21. Does the fund have any outstanding debts (other than face-amount certificates if the fund is a face-amount certificate company) or any other liabilities?
o Yes o No
If Yes,
(a) Describe the type and amount of each debt or other liability:
(b) How does the fund intend to pay these outstanding debts or other liabilities?
IV. Information About Event(s) Leading to Request For Deregistration
22. (a) List the expenses incurred in connection with the Merger or Liquidation:
(i) Legal expenses:
(ii) Accounting expenses:
(iii) Other expenses (list and identify separately):
(iv) Total expenses (sum of lines (i) - (iii) above):
(b) How were those expenses allocated?
(c) Who paid those expenses?
(d) How did the fund pay for unamortized expenses (if any)?
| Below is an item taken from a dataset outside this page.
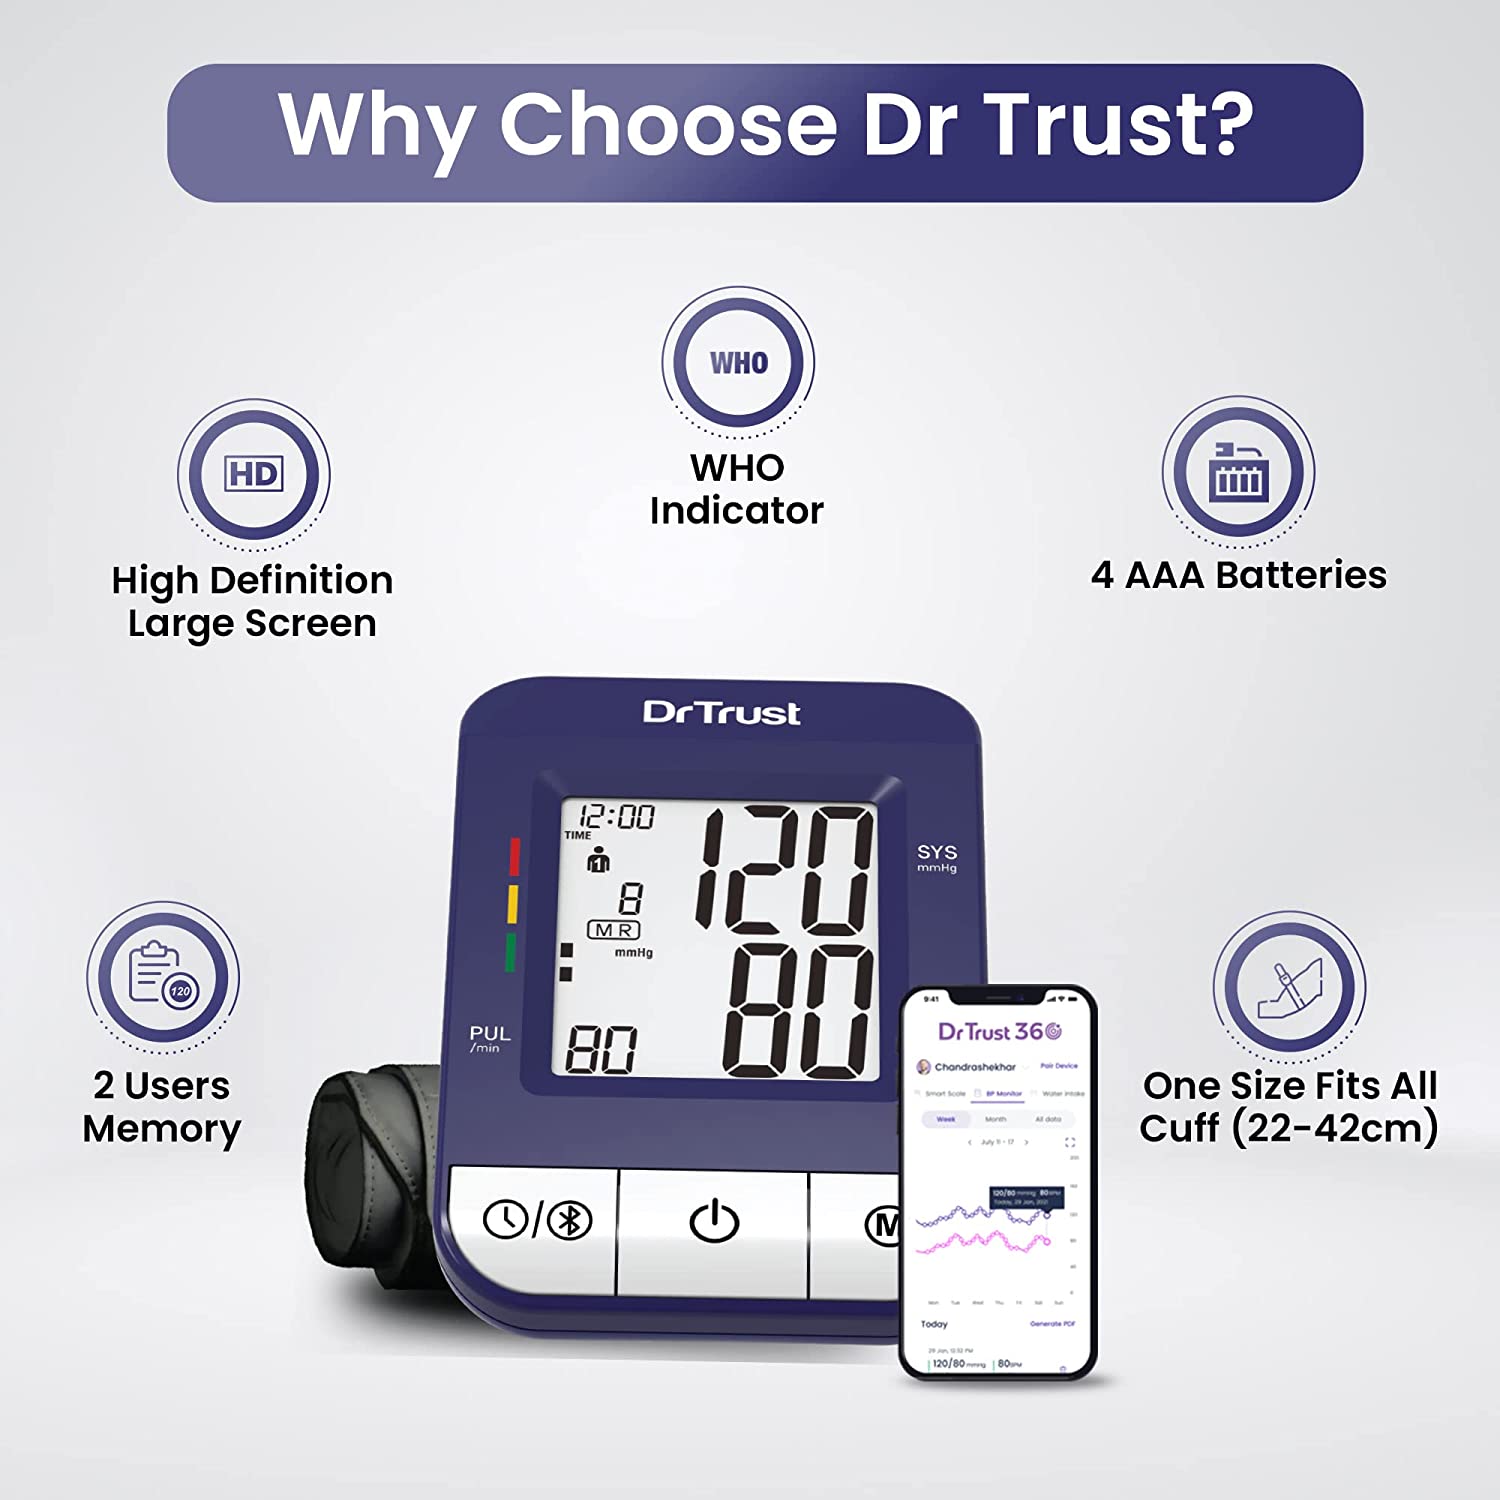 Dr-Trust-USA-Digital-Blood-Pressure-Monitor-Apparatus-and-Testing-Machine-with-USB-Port-Icheck-Bluetooth-Connect-Most-Accurate-BP-Checking-Instrument2.jpg

23. Has the fund previously filed an application for an order of the Commission regarding the Merger or Liquidation?
o Yes o No
If Yes, cite the release number of the Commission’s notice and order or, if no notice or order has been issued, the file number and date the application was filed:
V. Conclusion of Fund Business
24. Is the fund a party to any litigation or administrative proceeding?
o Yes ý No
If Yes, describe the nature of any litigation or proceeding and the position taken by the fund in that litigation:
25. Is the fund now engaged, or intending to engage, in any business activities other than those necessary for winding up its affairs?
ý Yes o No
If Yes, describe the nature and extent of those activities: The Fund will continue to operate in reliance on Section 3(c)(7) of the Investment Company Act of 1940, as amended (the "1940 Act"), as it has only three shareholders, each of whom is a "qualified purchaser" as defined in Section 2(a)(51) of the 1940 Act or a "knowledgeable employee" with respect to the Fund as defined in Rule 3c-5 under the 1940 Act and the Fund is no longer making any public offering of its securities and does not propose to make a public offering of its securities in the future. The Fund has notified its shareholders that, after receiving the deregistration order, certain legal protections that are afforded to shareholders of an investment company registered under the 1940 Act will no longer apply.
VI. Mergers Only
26. (a) State the name of the fund surviving the Merger:
(b) State the Investment Company Act file number of the fund surviving the Merger:
(c) If the merger or reorganization agreement has been filed with the Commission, state the file number(s), form type used and date the agreement was filed:
(d) If the merger or reorganization agreement has not been filed with the Commission, provide a copy of the agreement as an exhibit to this form.
VERIFICATION
The undersigned states that (i) he has executed this amended Form N-8F application for an order under Section 8(f) of the Investment Company Act of 1940, as amended, on behalf of Ramius Archview Credit and Distressed Fund, (ii) he is the Secretary of Ramius Archview Credit and Distressed Fund and (iii) all actions by shareholders, trustees, and any other body necessary to authorize the undersigned to execute and file this amended Form N-8F application have been taken. The undersigned also states that the facts set forth in this amended Form N-8F application are true to the best of his knowledge, information, and belief.